When will the new Wales law apply?

The Renting Homes (Wales) Act 2016 comes into effect on 15 July 2022. All of the regulations made under the Act (e.g. the Fitness for Human Habitation Regulations) will also come into effect on the same date.

What happens to existing Welsh tenancies?

Under the new Wales law, ‘occupation contracts’ will replace existing tenancies and licences.

There are two main types of occupation contracts: standard and secure. Standard contracts will replace assured shorthold tenancies currently used mainly in the private rented sector, and secure contracts will replace the secure tenancies used mainly in the social rented sector.

On 15 July 2022, all existing Wales tenancy agreements will automatically convert to an occupation contract. For example, if an existing tenancy is a fixed-term assured shorthold tenancy, it will convert to a fixed-term standard occupation contract.

Likewise, a periodic assured shorthold tenancy will convert to a periodic standard contract if it is a periodic assured shorthold tenancy.

Whilst a Wales occupation contract can be initiated verbally, it needs to be followed up with a written contract statement. Written statements must be given within 14 days of the occupation date for new contracts from 15 July 2022.

Written statements for converted contracts need to be issued by 15 January 2023.

What do I need to do to comply with the requirement to provide a written copy of the occupation contract?

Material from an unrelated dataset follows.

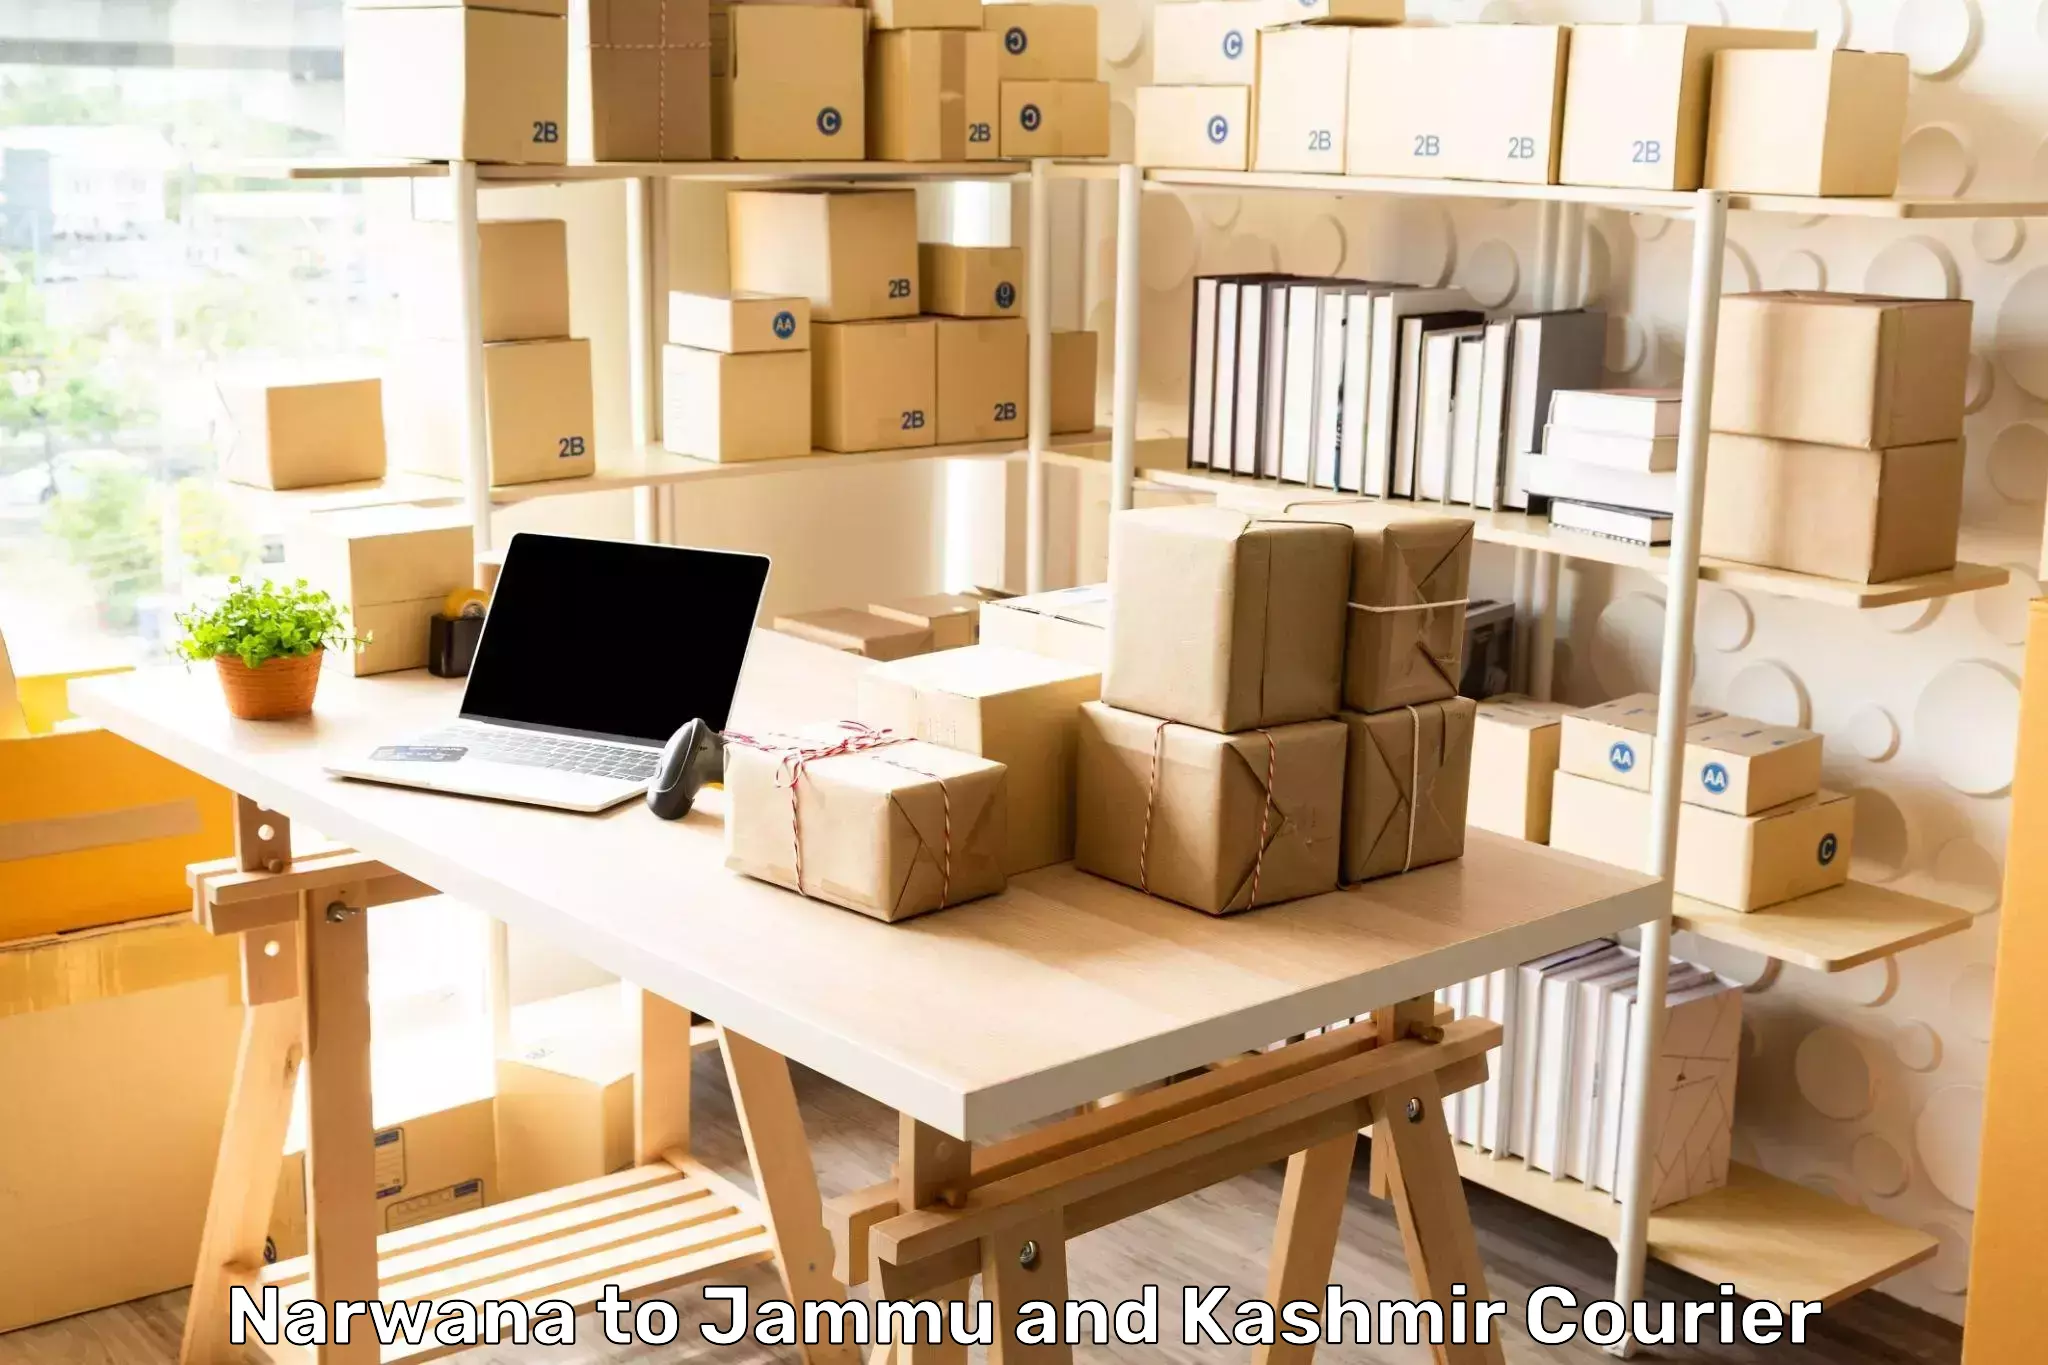 Reliable courier service in Narwana to Anantnag
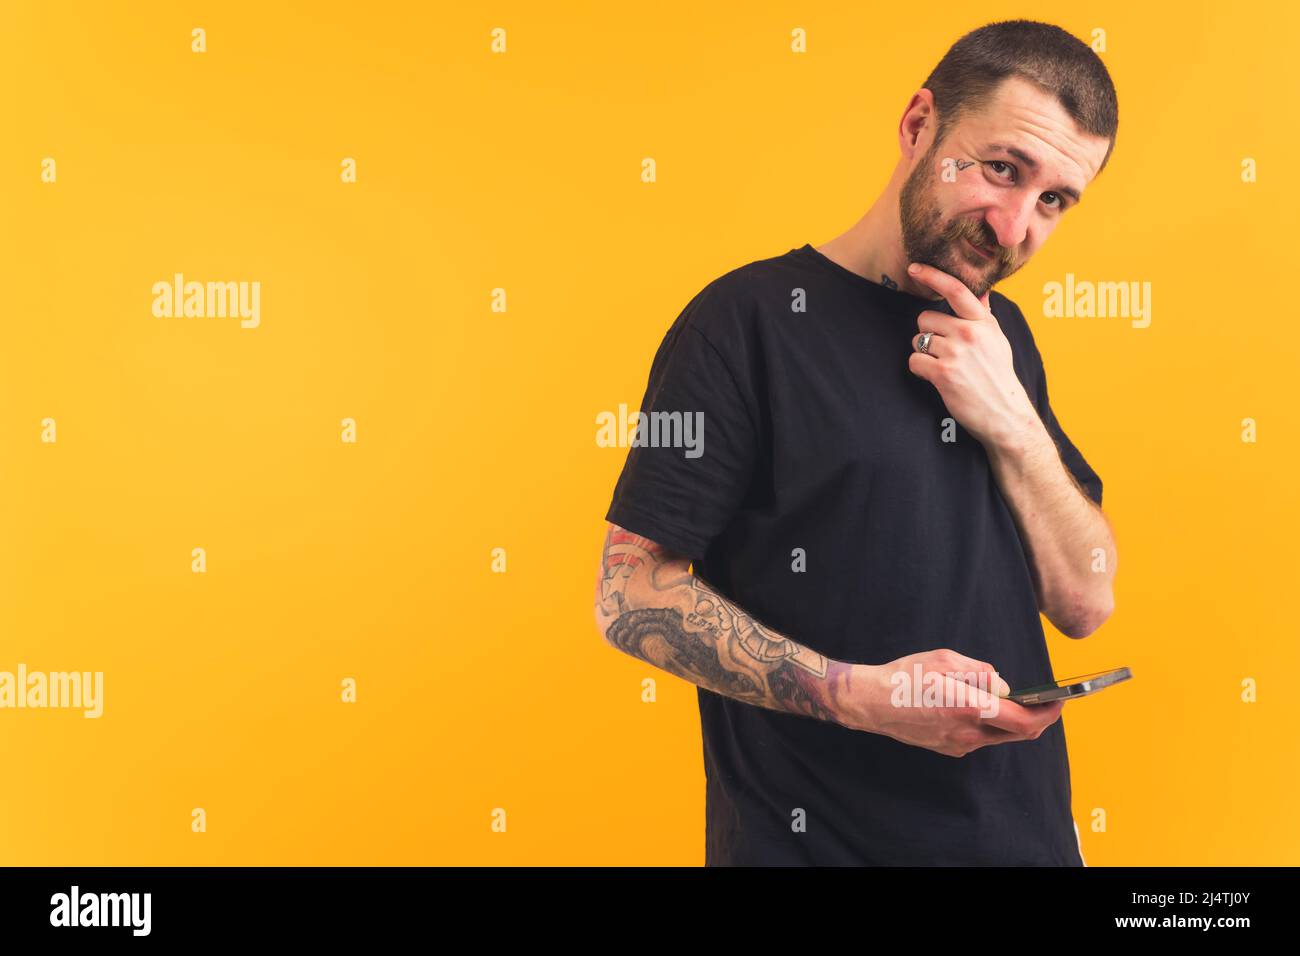 Smiley friendly bearded caucasian guy with tattoos holding smartphone in one hand and touching his beard with the other while looking at camera. Isolated studio shot over yellow background. High quality photo Stock Photo

You or your agent will need to draw up a written statement for new occupation contracts from 15 July. The model written statements should provide a good basis for this.

For all your existing Welsh tenancies or licences, you or your agent will need to consider which of your existing terms need to be carried across to the written statement of the converted contract. You will need to provide a copy of the written statement to your existing tenants by 15 January 2023.

How do I convert an existing tenancy agreement or licence into an occupation contract?

The Welsh Government’s website contains information and advice on the Act, including model written statements for the new occupation contracts, which landlords can download and use. Read the guidance on creating a converted occupation contract.

When do I need to provide written occupation contracts to my existing tenants?

For converted Wales contracts, you have up to six months from 15 July 2022 to provide your existing tenants or licensees with a written statement of the contract.

For new occupation contracts which begin on or after 15 July 2022, you will be required to issue the written statement within 14 days of the occupation date under the contract.

Can I use the relevant Model Written Statement as it is published on the Welsh Government’s website without having to make any changes to it?

For new contracts made on or after 15 July 2022, a landlord could use the appropriate model written statement as published on the Welsh Government website without making any changes.

However, the model written statements include the relevant fundamental and supplementary terms set out in the legislation, which could be included in the occupation contract.

Landlords should note that supplementary terms can be omitted to benefit either the landlord or the contract-holder, but any changes must be agreed upon. Some fundamental terms can also be omitted or varied, but this is only permissible if it benefits the contract-holder.

It is also possible for landlords to include their additional terms (for example, a pets clause) as long as these do not conflict with a key matter, a fundamental term, or a supplementary term and are fair under consumer protection law. 

For existing tenancies, landlords should carefully consider all of the terms in tenancy agreements that are already in place and then make the necessary changes to the relevant model written statement to ensure that these terms are carried over into the new occupation contract.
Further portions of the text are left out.